“Daughter, your faith has healed you. Go in peace and be freed from your suffering.”

(Mark 5 : 34)

The history of “woman with an issue of blood” (Mc 5, 24-34; Matthew 9,20-22) is a story that shows us the unbelievable strength of the personal faith that could save. There are other stories in the New Testament where the characters approach Jesus to find their remedy (Mark 5,21-41; Matthew 8,1-4; Matthew 14,34-36; Matthew 15,21-28; Matthew 17, 14-21; Luke 7,36-50; Luke 17,11-19; Luke 18,35-43; John 4,46-54).

The woman is not named. She is described through her illness (Mark 5,25). Her physical condition marks her identity. It is not Jesus who approaches the woman to heal her. She takes the initiative by herself to find the healing. She touches (ἅψωμαι) Jesus without asking for his permission. The healing of the woman with an issue of blood becomes possible because of her personal faith.
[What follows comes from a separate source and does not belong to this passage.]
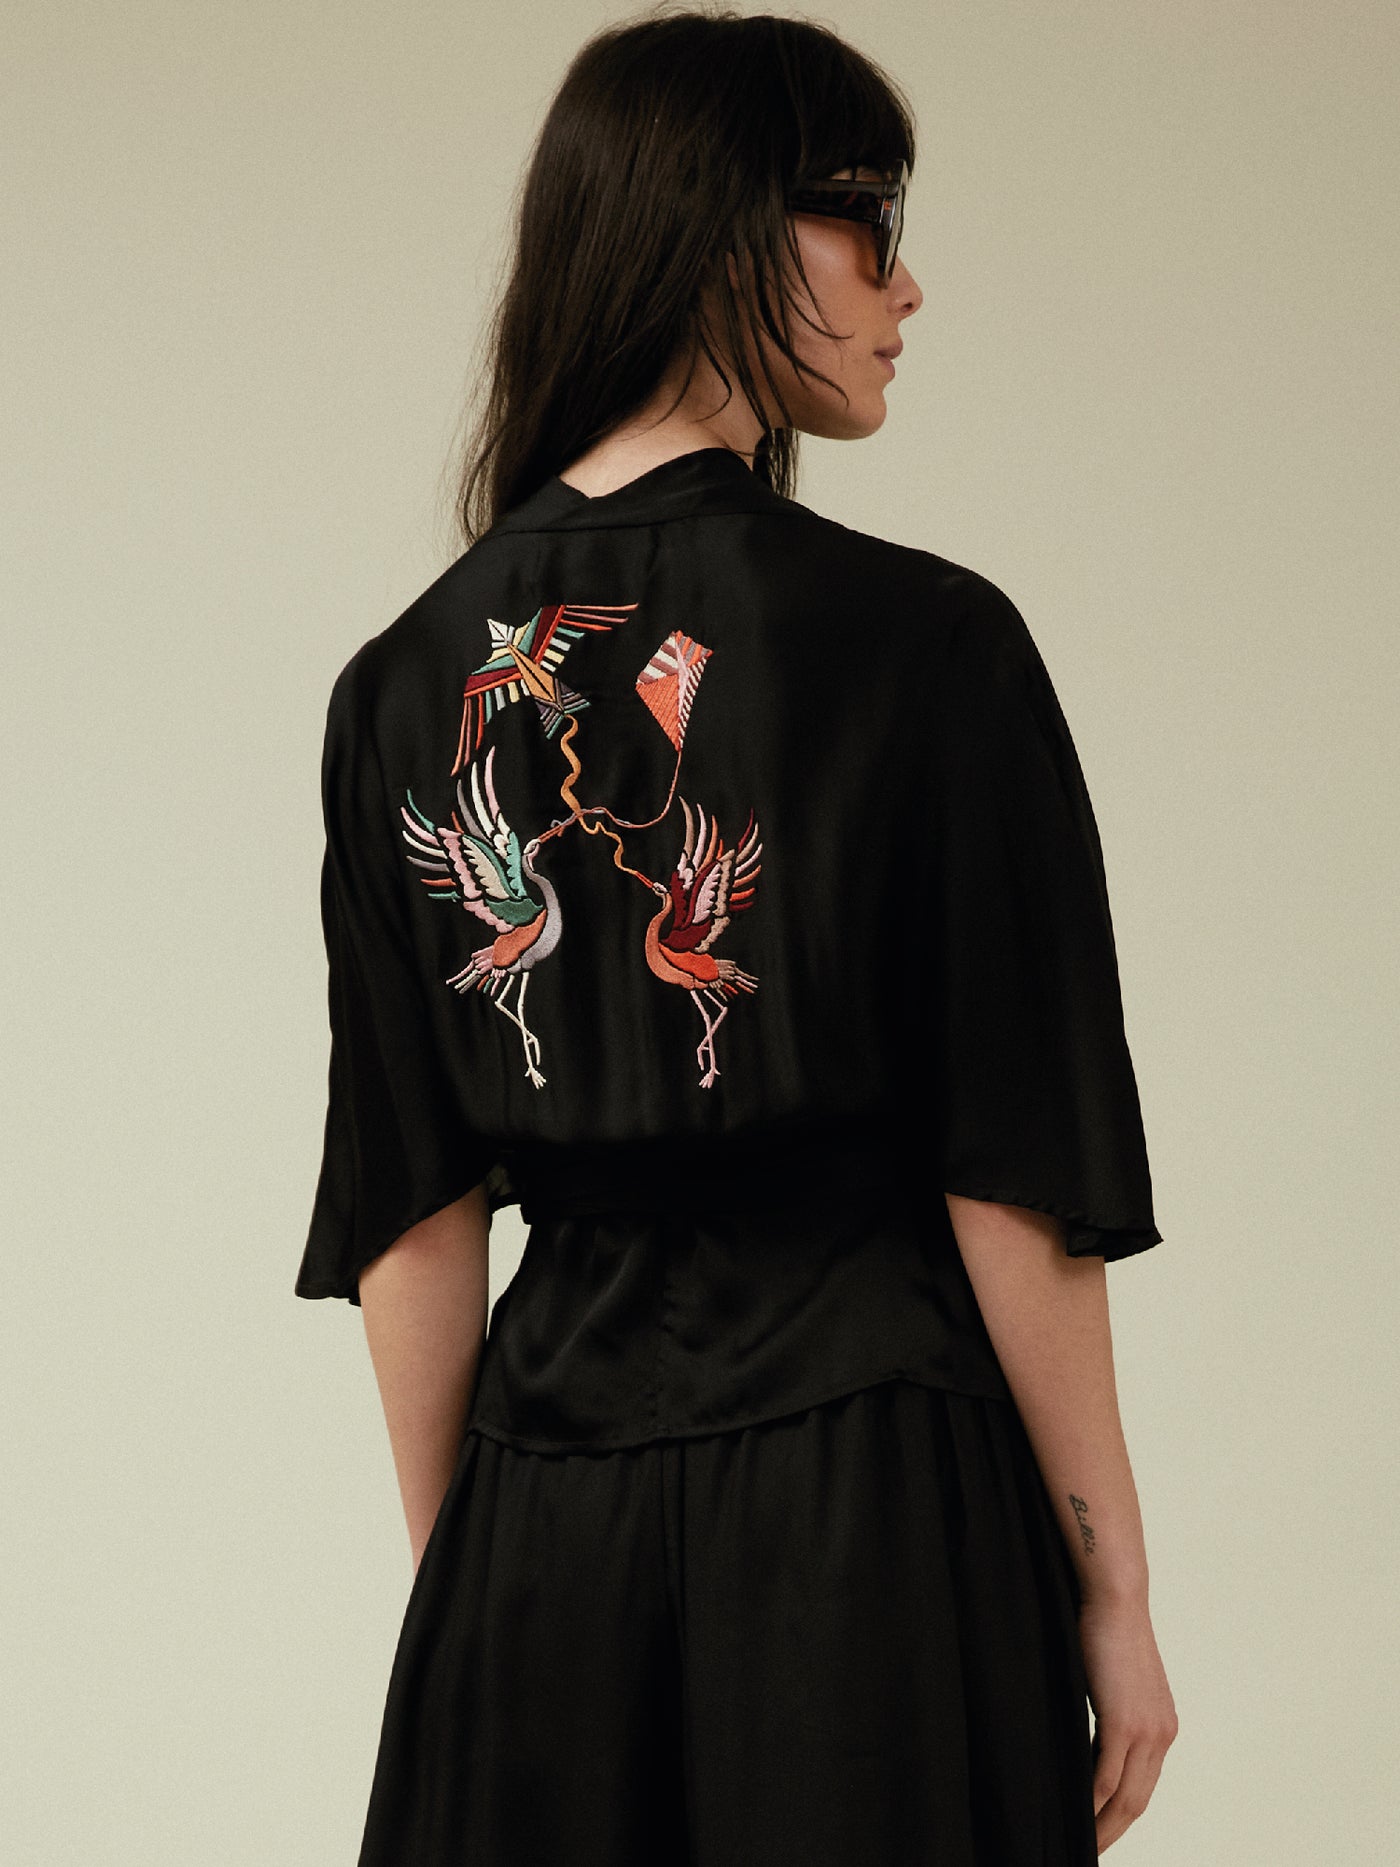 Gloria cape blouse black embroidered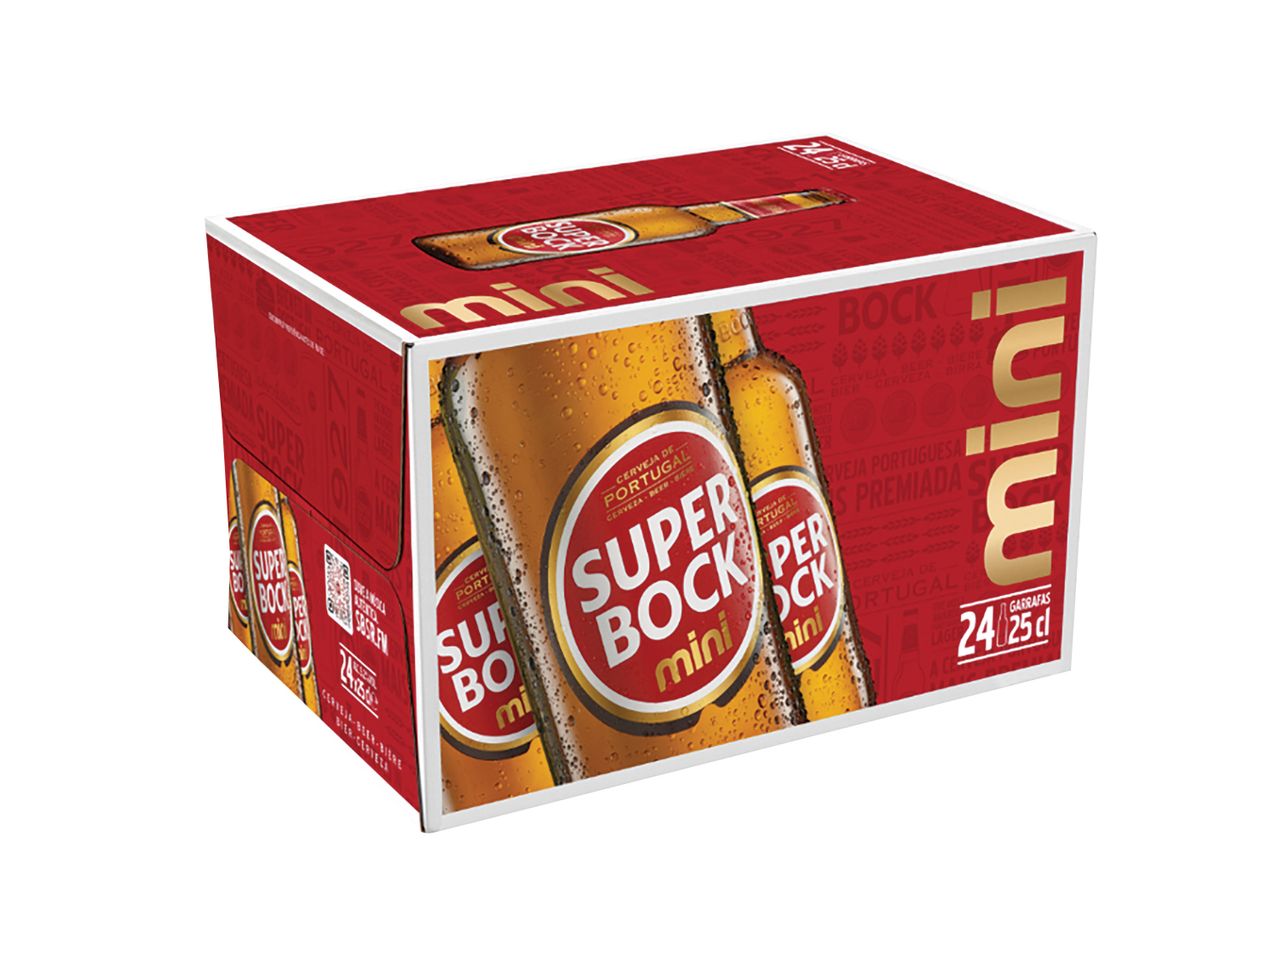 Super Bock® Cerveja Mini Pack Económico

Jesus felt that force has left him. He explains the woman’s healing by her faith. The healing took place without any bodily contact which shows that there were no outside interventions. The woman is healed thanks to the divine will.

After her recovery, the woman reveals her identity. She doesn’t need anymore to hide. She revealed “the whole truth”. It is not only her body that became pure but also her spirit. The woman is delivered from her physical and psychological suffering. She would no more be rejected by society because of her impurity.

Jesus is the first man to recognize the woman as a person (Mark 5,34). By speaking to her, he recognizes her as a human being. He attributes her a new identity. It’s the idea of new birth. Jesus says that it was her personal faith that healed her. By trusting in the power of Jesus, the woman finds healing.

The personal relationship and trusting faith play the central role in this story.

The crucial moment in the story is the woman’s healing which can be achieved through her faith. Jesus recognizes it by saying: your faith saved you.

For the best understanding of the importance of her healing, it is important to clarify the context of the time. The anthropologist Mary Douglas shows the importance of respecting the laws of purity in Jewish society. She develops her theory of the organization of Jewish communities around the division of space. According to her, social order can be ensured thanks to the division between the pure and the impure. According to this worldview, defilement can be dangerous because it brings disorder. To access the sacred, the person must remain pure without having any contact with impurity.

The woman with an issue of blood is impure. Her impurity is called “zabah”. Zabah is considered as one of the great impurities (as leprosy). Commentators talked about  “Jewish disease” of the Jewish woman who must follow the prescriptions of the biblical text and the Mishnah to respect the laws of purity. They speak of “Jewish illness” to highlight the physical and psychological suffering of the woman who finds herself truly excluded from her community because of her indefinite state of impurity.

The Zabah woman is forbidden to be present in the Temple and her presence is undesirable in the holy city. She can remain in the community without any interaction with the members of the community. Any contact with her or with her personal things causes a state of impurity. The woman can normally “touch” other people and objects without contaminating them (in some writings she has the status of “untouchable”).

The life of the community was built around the Temple. When the person is excluded from the Temple area, she can no longer really participate in community life and lead an active life.

According to Selvidge, the story of a woman with an issue of blood was written for the release of unclean women from their exclusion in Christian communities. For her, in this story, Jesus must be seen as a “liberal for equality” who wants to suppress the oppression of women and social injustice. She sees Jesus as a liberator of women, who thanks to him are now delivered from Jewish oppression.

Eliot Cohen thinks that the image of the exclusion of women from hemorrhoism is used in the Gospel to show the first believers that they can never be expelled from the Church despite their physical conditioning which can cause ritual impurity in Jewish tradition.

Marc’s story made me think about Viktor Frankl’s book ” Man’s Search for Meaning”. Viktor Frankl is a psychiatrist and neurologist who has been in the concentration camp. In his book, he explains his experience of the camp where he spent 3 years.

Sometimes we have no longer hope, like Viktor Frankl in the concentration camp or the woman with an issue of blood rejected by her community. Despite this, Viktor Frankl said: if we are still there, alive, it shows that life is preparing us for something. Let me paraphrase: if we are still there, that means that God always has plans for us.

Despite our condition which can sometimes seem shabby to us, we must seek the meaning of our existence, the meaning of our life today. 

Don’t be afraid to make plans for the future, even if they don’t seem real. We can question God and wait to see what he prepared for us.

The woman with an issue of blood had the life plan in her mind, a spirit of healing, and the faith that she can do it thanks to God and through God.

As Jesus said in Mark 9,23: “If you can believe, all things are possible to him who believes.”